California is in the midst of a major shift in terms of how rooftop solar PV, smart inverters, behind-the-meter batteries, smart thermostats and EV chargers, and other distributed energy resources will be valued as part of the grid.

Like many such big policy measures, it’s moving slowly, but tectonically, with subtle behind-the-scenes shifts that could determine the outcome of billions of dollars' worth of investment.

Over the past few months, we’ve seen rumblings of conflict emerge between Pacific Gas & Electric, Southern California Edison and San Diego Gas & Electric on one side, and environmental and clean energy industry groups on the other, over one such policy thread with big implications. It’s part of the California Public Utilities Commission Distribution Resources Plan (DRP) proceeding -- more specifically, the locational net benefits analysis (LNBA) portion.
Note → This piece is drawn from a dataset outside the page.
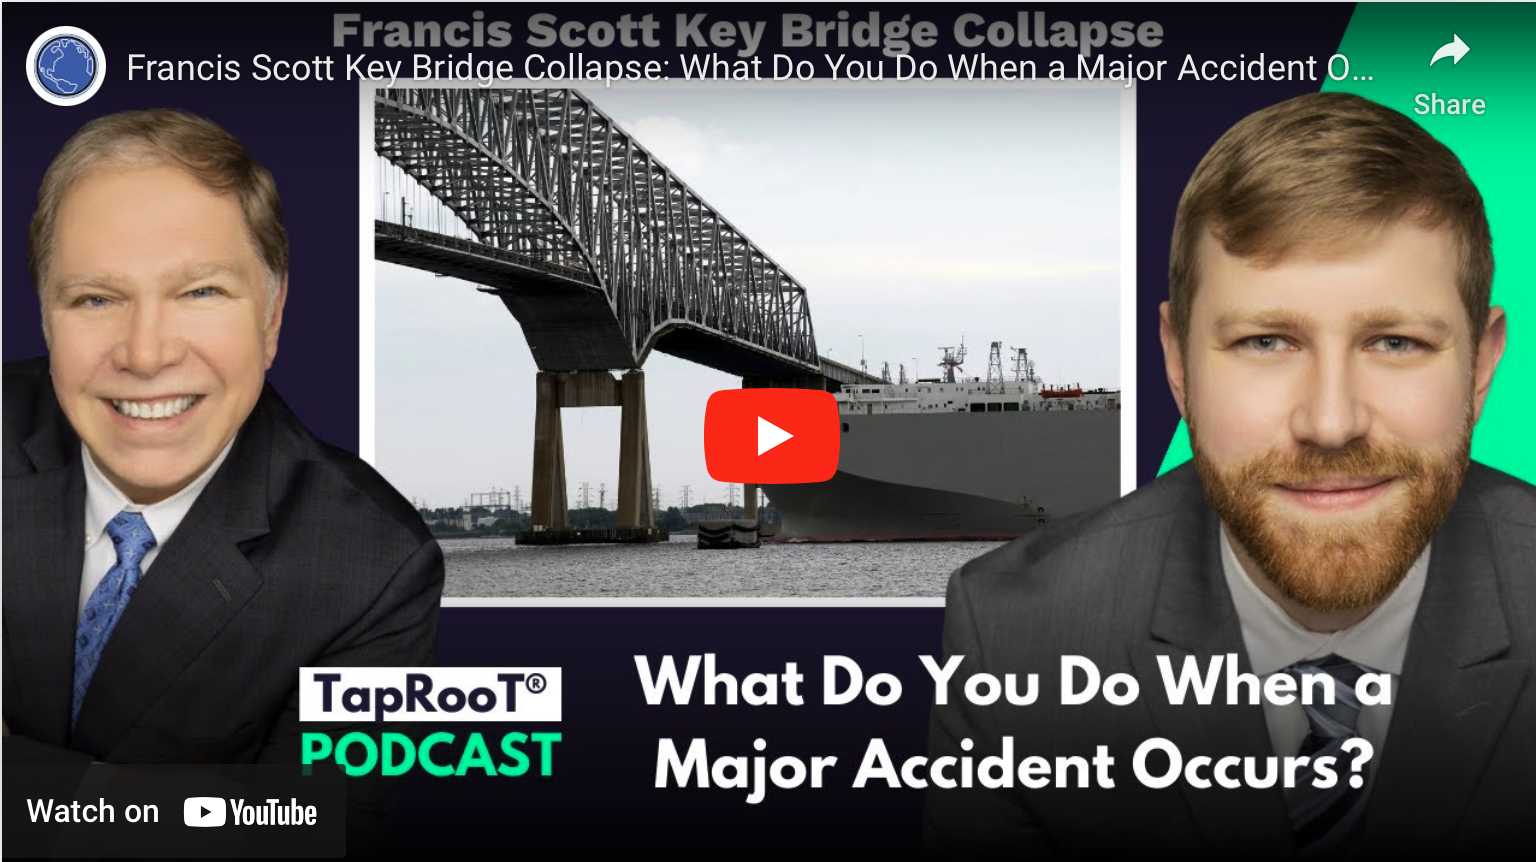 Alex and Mark discuss Francis Scott Key Bridge collision

In recent CPUC filings, groups including the Environmental Defense Fund, Vote Solar, and the Center for Sustainable Energy have been voicing concern over what they say are gaps in the utilities’ proposed LNBA metrics, methods and pilot projects. Central to their complaint is the decision by utilities so far to stick to their tried-and-true method of identifying, valuing and bidding out contracts for distributed energy resources (DERs) to provide locational net benefits -- and remain silent on alternative methods.
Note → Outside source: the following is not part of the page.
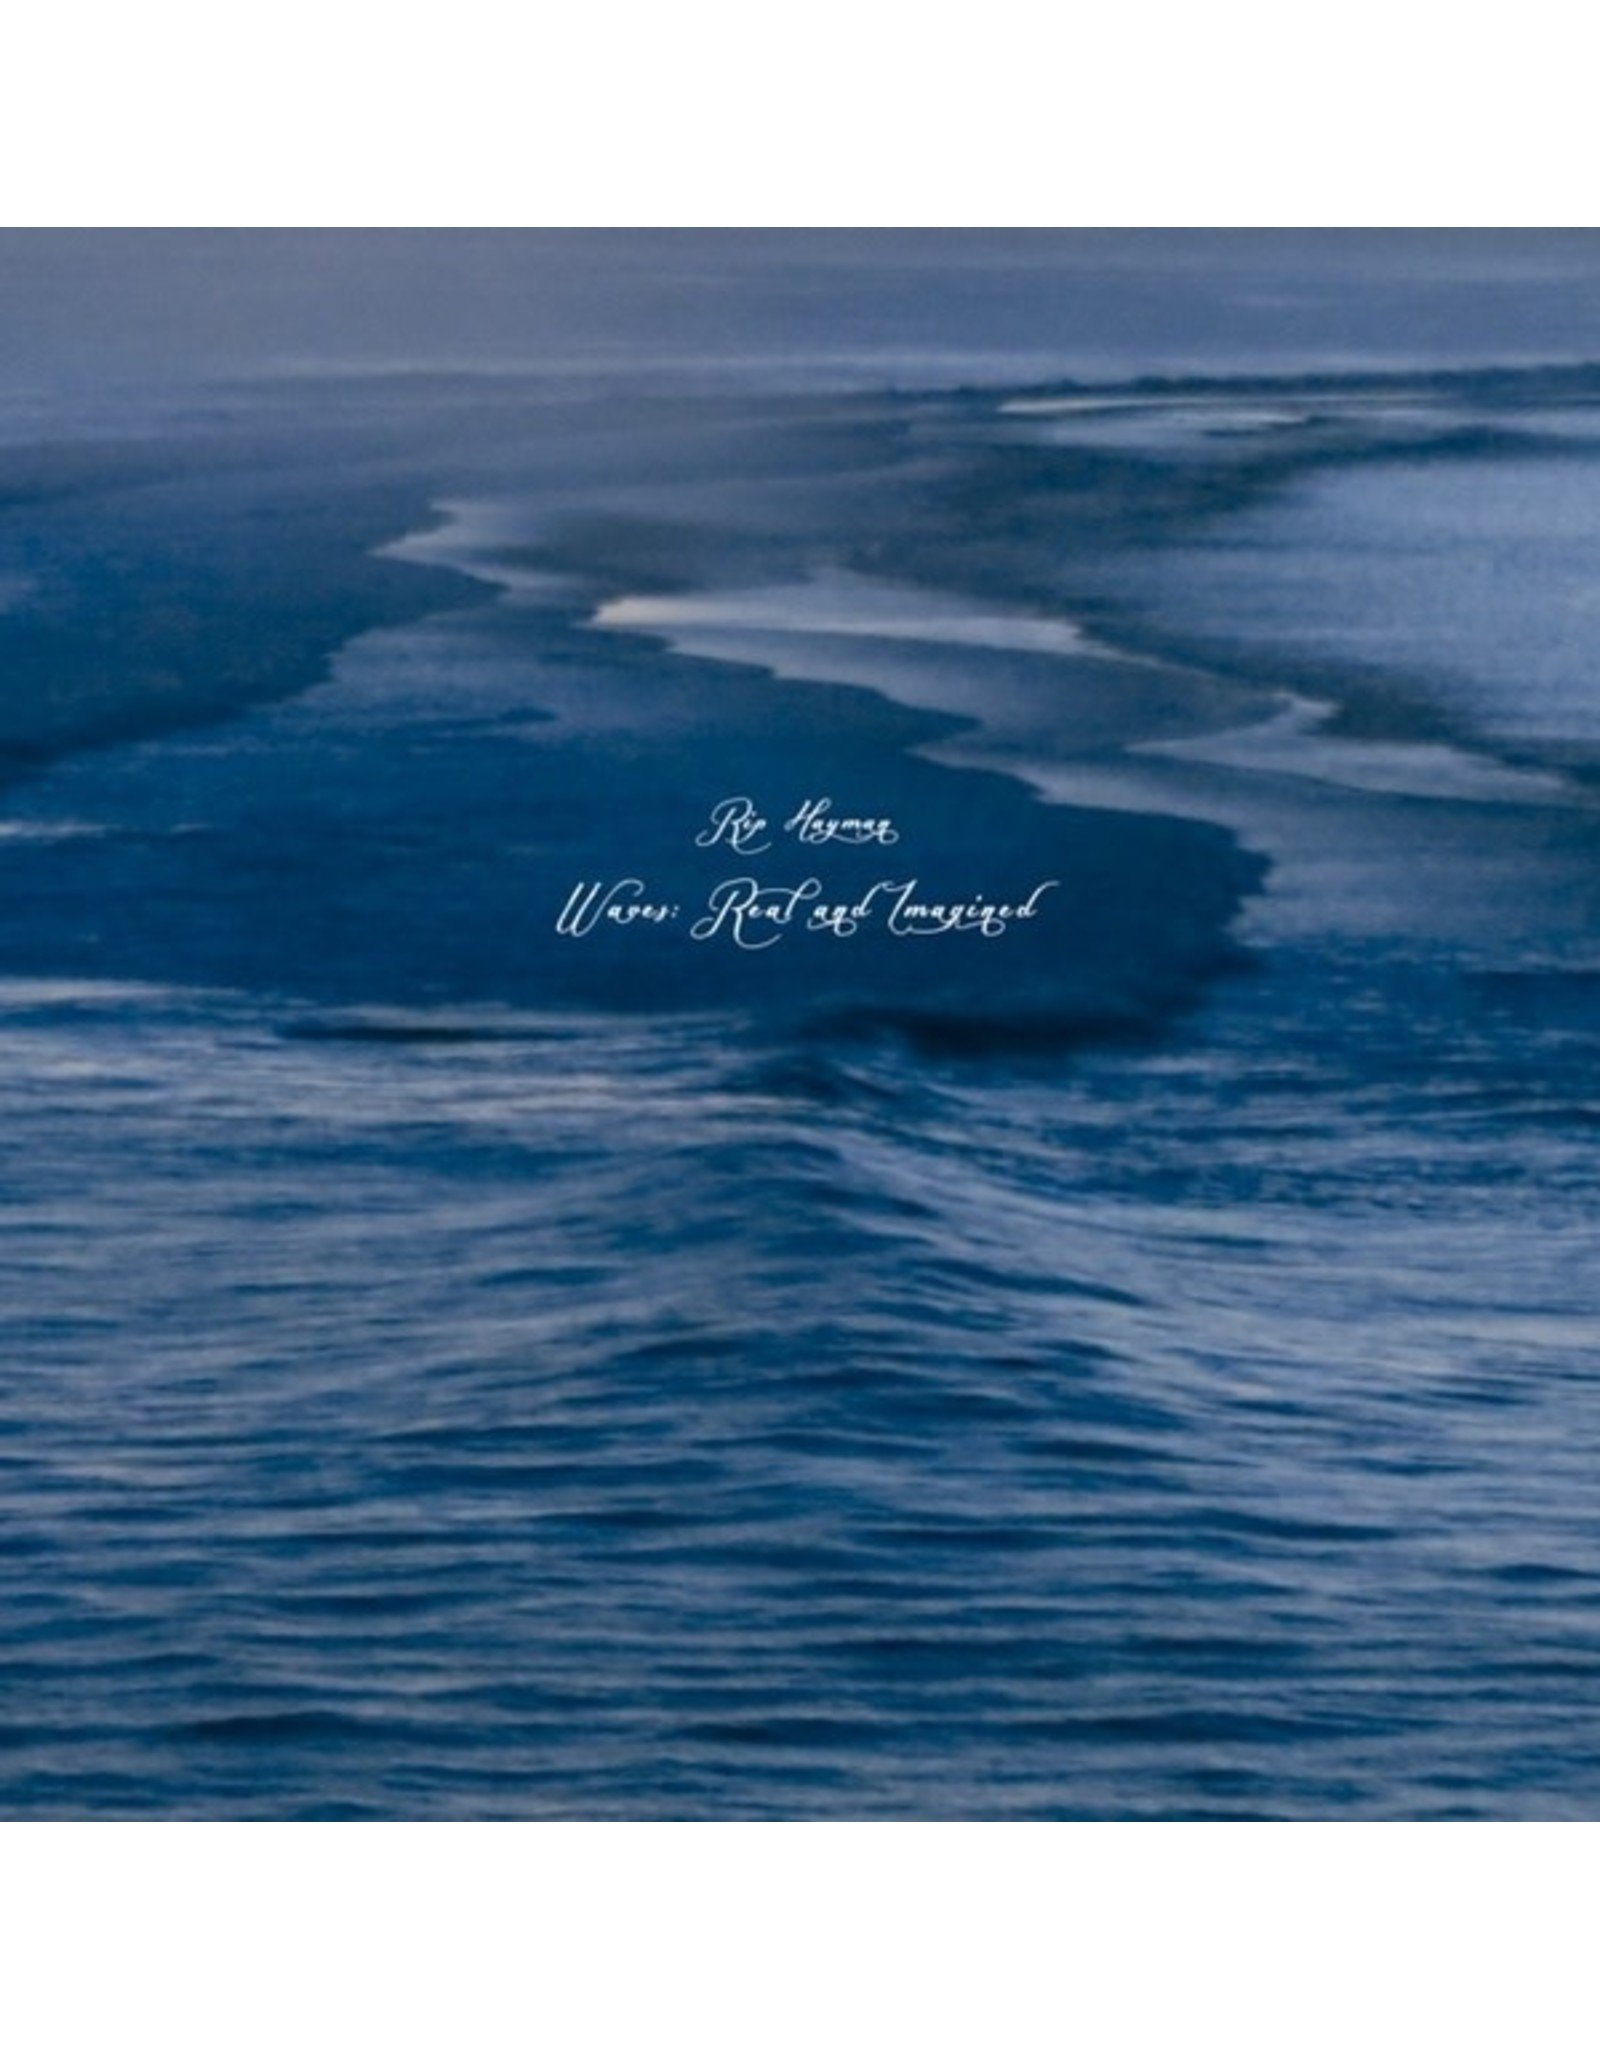 Recital Hayman, Rip: Waves: Real and Imagined LP

The Center for Sustainable Energy (CSE) sets it out pretty clearly in its March CPUC comments:  

The investor‐owned utilities have framed the issue of DER locational value in black-and-white terms -- DERs procured through utility competitive solicitations to defer specific investments have locational value, while all other DER growth is viewed as consumer-driven and has no locational value. 

What these groups are looking for instead is some form of transparent calculation of the real costs and benefits of DERs of various types across the grid. One term for it is distribution marginal cost, or DMC. Simply put, it's a value at individual nodes of the distribution grid of DERs’ real-time energy generation or load reduction, voltage and frequency support, resiliency, capacity, flexibility and environmental benefits, all in relation to the wires, poles and transformers alternative -- not just in the moment, but for decades to come. 
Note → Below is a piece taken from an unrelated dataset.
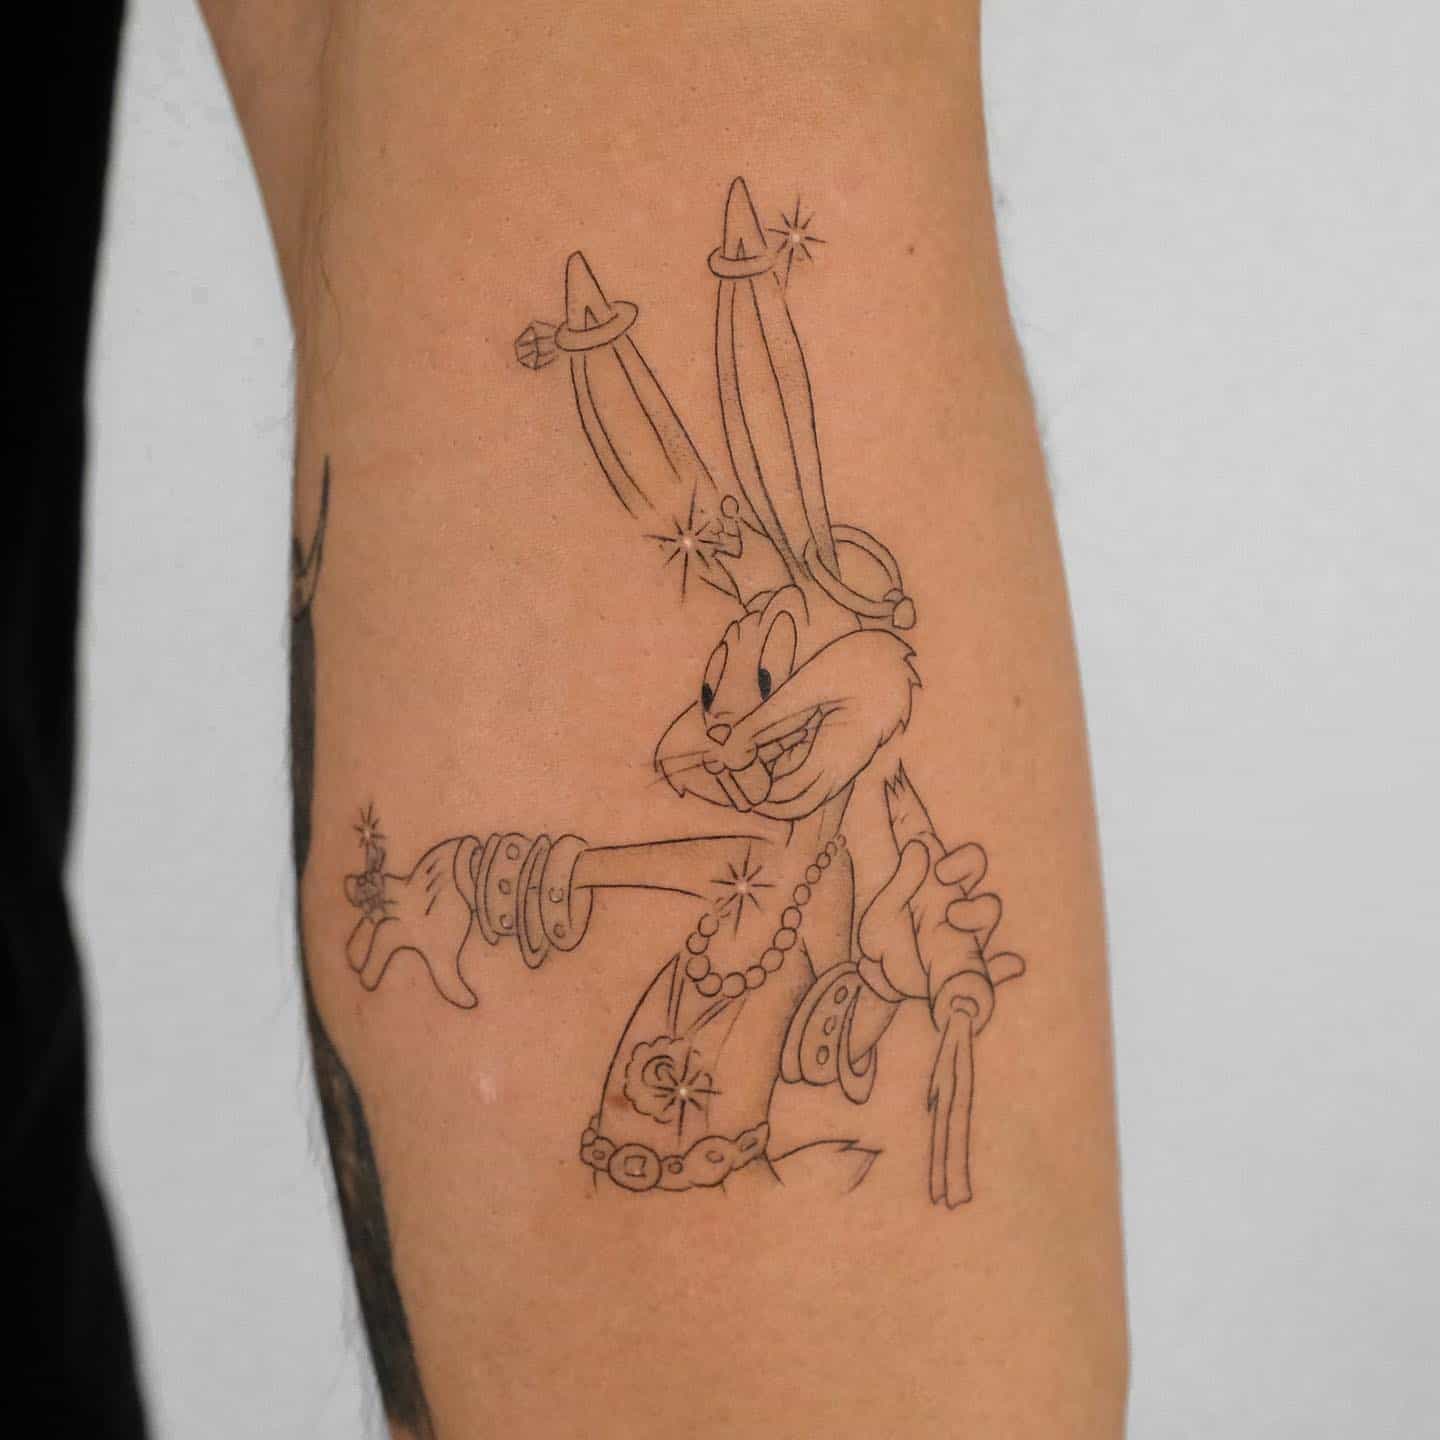 Bunny bugs tattoo by arielisgood

There’s no policy mechanism for bringing a DMC metric like this into use at present, although the sister proceeding to the DRP, called Integrated Distributed Energy Resources (IDER), is taking on that challenge. Utilities have always built and maintained their distribution grids on their own internal cost and benefit measures, based on a guaranteed rate of return on investments deemed fair and accurate enough by state regulators to pass on to ratepayers. They can’t be blamed for taking the tested RFP route, rather than trusting hundreds of millions of dollars of plans to an untested valuation meant to draw DER investment from the private sector.

But the ground rules being established today could have an outsized influence on how DERs end up being valued in California's broader regulatory restructuring, the Environmental Defense Fund wrote in a January filing. “Planning processes that encourage beneficial DERs at the locational level could spill over to the wider utility system, thereby creating expansive value. Likewise, transactive structures could provide flexible, value-based customer-driven opportunities to harvest DER benefits. Conversely, utility planning processes that codify DER investments to direct benefits primarily or solely to the utility could degrade customer choice and crowd out other valuable expenditures.”

Locational net benefits, or the plus side of the DER-to-grid equation

The CPUC launched the DRP in 2014 with the goal of getting PG&E, SCE and SDG&E to shift a portion of their billion-dollar annual distribution grid upgrade investments to DER alternatives. To inform the policy around this cost-shifting concept, the DRP set up two key metrics.

The first is integrated capacity analysis, or ICA, which collects location-specific circuit data to know how much new DER capacity any particular area can handle. The online DER interconnection maps released by the three IOUs last year apply circuit-by-circuit DER capacity ratings using data that’s being built into each one’s ICA framework, for example, and it’s the subject of the first set of pilot projects each utility will be doing as part of the DRP.

The second, LNBA, seeks to establish the positive locational value of a whole range of DER alternatives to traditional grid investments. Rather than being limiting in principle, as the ICA is, it’s expansive. The CPUC’s January scoping memo offered a long list of questions it wanted utilities to answer in their plans, including how to value locational peak reduction capacity, voltage and power quality management capability, and the “common communication and control infrastructure to support ‘smart’ DER.”

But so far, “The utilities have said the only value for distributed energy resources is in deferring transmission and distribution grid upgrades,” Jim Baak, grid integration program director at nonprofit group Vote Solar, said in an interview last week. “Distributed energy resources can provide a lot more services to the grid, like voltage support, frequency support, ramp support, absorbing power,” and other benefits that aren’t clearly defined in utility proposals so far, he said.

Where utilities are consistent with each other in approach, they’re “inconsistent in assumptions applied to the value components, are vague on the actual calculations, and lack examples of how each utility will actually apply the methodologies,” Vote Solar wrote in a January CPUC filing. The appendix of this filing includes a comprehensive breakdown of the three utilities’ LNBA proposals so far. Here’s a chart from GTM Research’s recent report, Unlocking the Value of Distributed Energy Resources 2016: Technology Strategies, Opportunities and Markets, that covers the fundamentals.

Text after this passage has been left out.